Professor: David Levin
• CRN 16590: Monday, Wednesday & Friday, 0800-0900 @ MCK 122
Note: HC 241H Science courses are equivalent to HC 207H and 209H Science courses in the pre-Fall 2020 curriculum requirements and will fulfill the HC207H / HC209H requirement. If you have already completed HC 207H or 209H, you do not need to take HC 241H in the Fall 2020 curriculum requirements.
Over the past twenty years, the explosion of computing power, coupled with the growth of networked communication and information systems, has allowed for the unprecedented collection of many types of information. Moreover, it is now possible to process this data in inexhaustibly many ways. Yet making sense of this data is difficult: what is a true signal, and what is just noise or chance fluctuations? Therefore, careful data analysis and statistical reasoning place among the most needed skills in the twenty-first century.
The goal of the course will be to develop critical thinking about the use of quantitative models in a broad range of disciplines. We will discuss both successful and fallacious use of statistical methods. This is particularly timely now, as daily coverage of the COVID-19 pandemic has brought our focus to many fundamental statistical problems of profound importance. Can we estimate the fatality rate and prevalence of COVID-19, and how reliable are these estimates? Can simulations make accurate projections? How can we know the efficacy of social restrictions? These are some of the questions we will look at from a critical perspective.
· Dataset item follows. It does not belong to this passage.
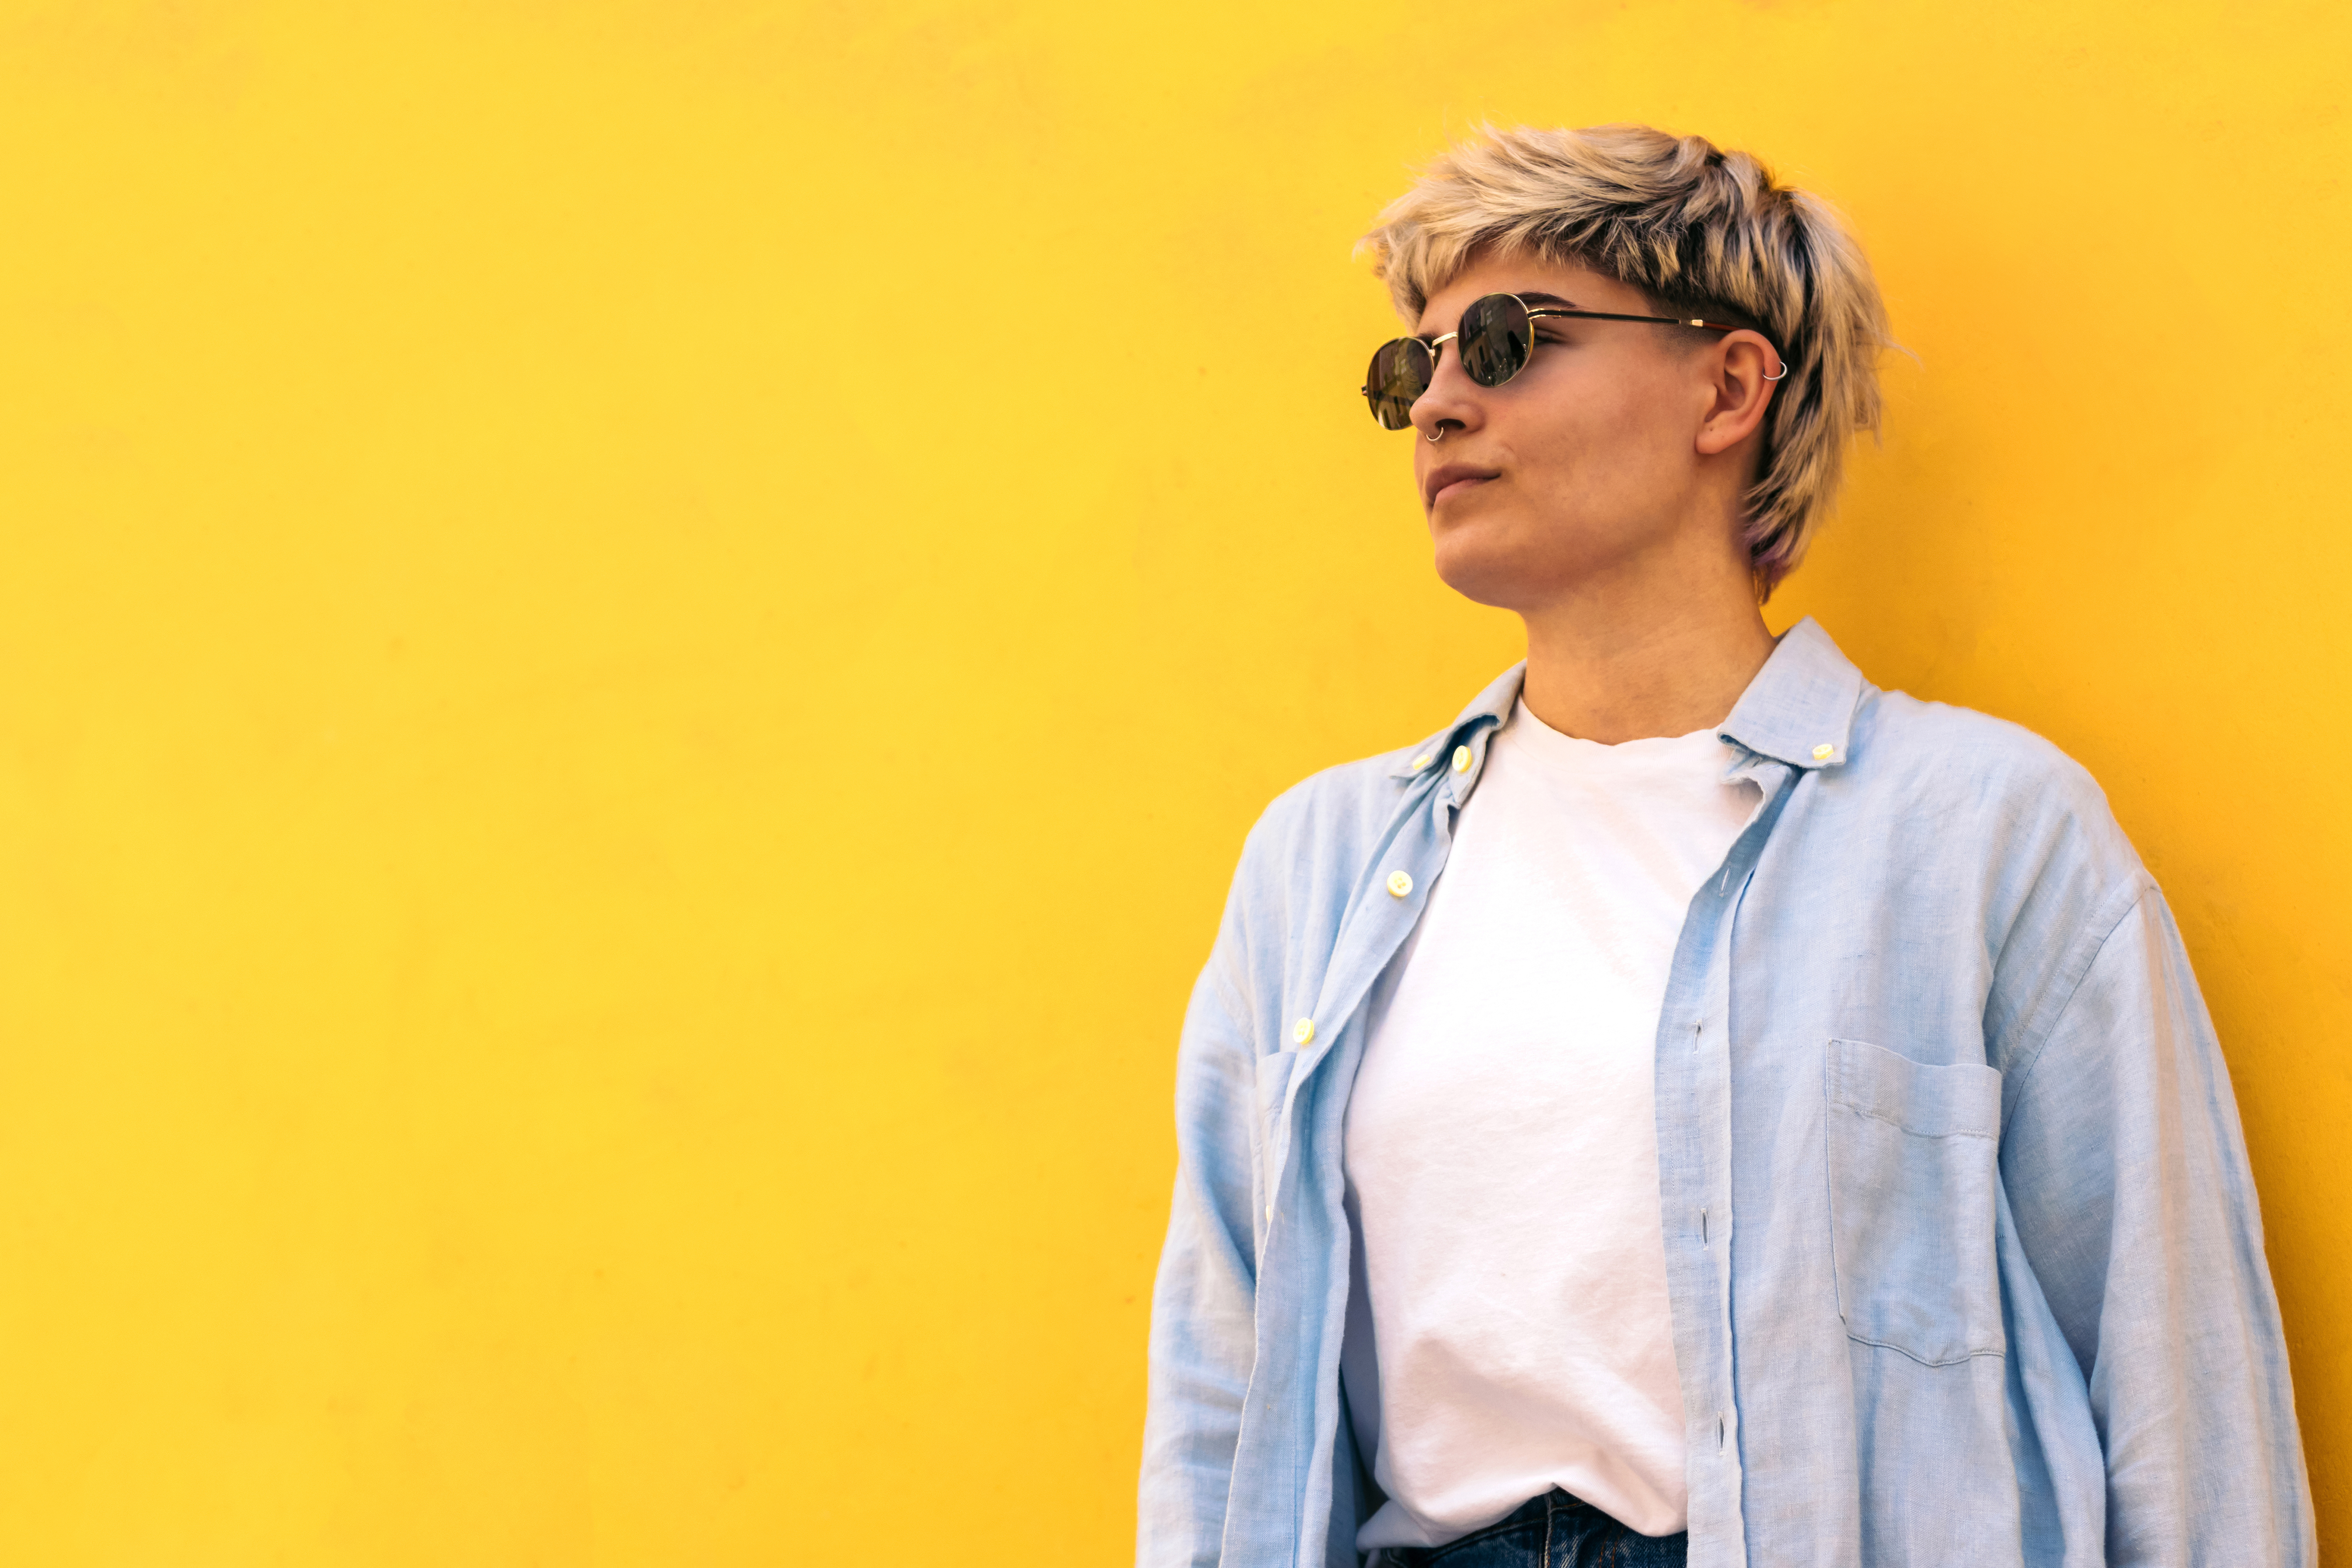 Woman wearing sunglasses and casual shirt standing by a yellow wall, looking to the side

The mathematical background for the course will be minimal: college algebra (pre-calculus), or equivalent placement, as the course will emphasize conceptual understanding. The course will be centered around case studies and course readings, which will include diverse selections from textbooks, primary texts, and review articles.
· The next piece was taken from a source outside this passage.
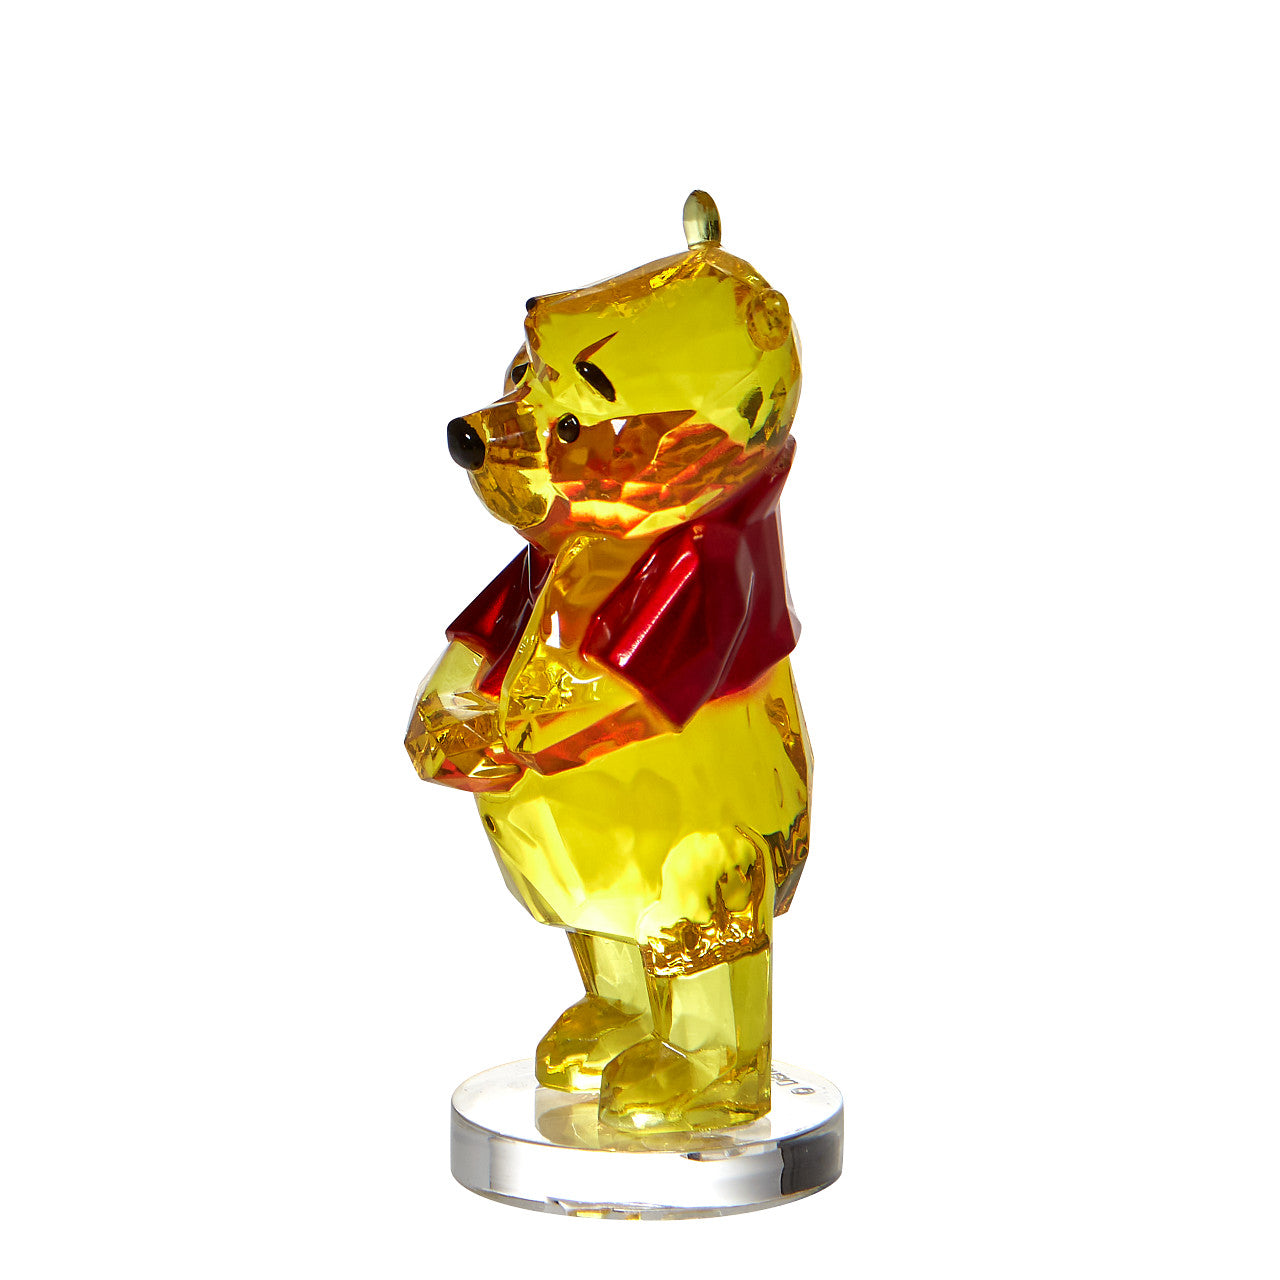 Winnie The Pooh Facets Figurine

For example, readings may include Excerpts from On the Mode of Communication of Cholera by J. Snow, an early and brilliant example of effective data analysis in epidemiology, Ioannidis JPA (2005) Why Most Published Research Findings Are False. PLoS Med 2(8), an essay on statistical fallacies in the medical research literature, Diaconis, P. and Mosteller, F. (1989). Methods for studying coincidences. Journal of the American Statistical Association 84, 853-861 The necessary statistical background will be covered as we move through the readings and consider different examples.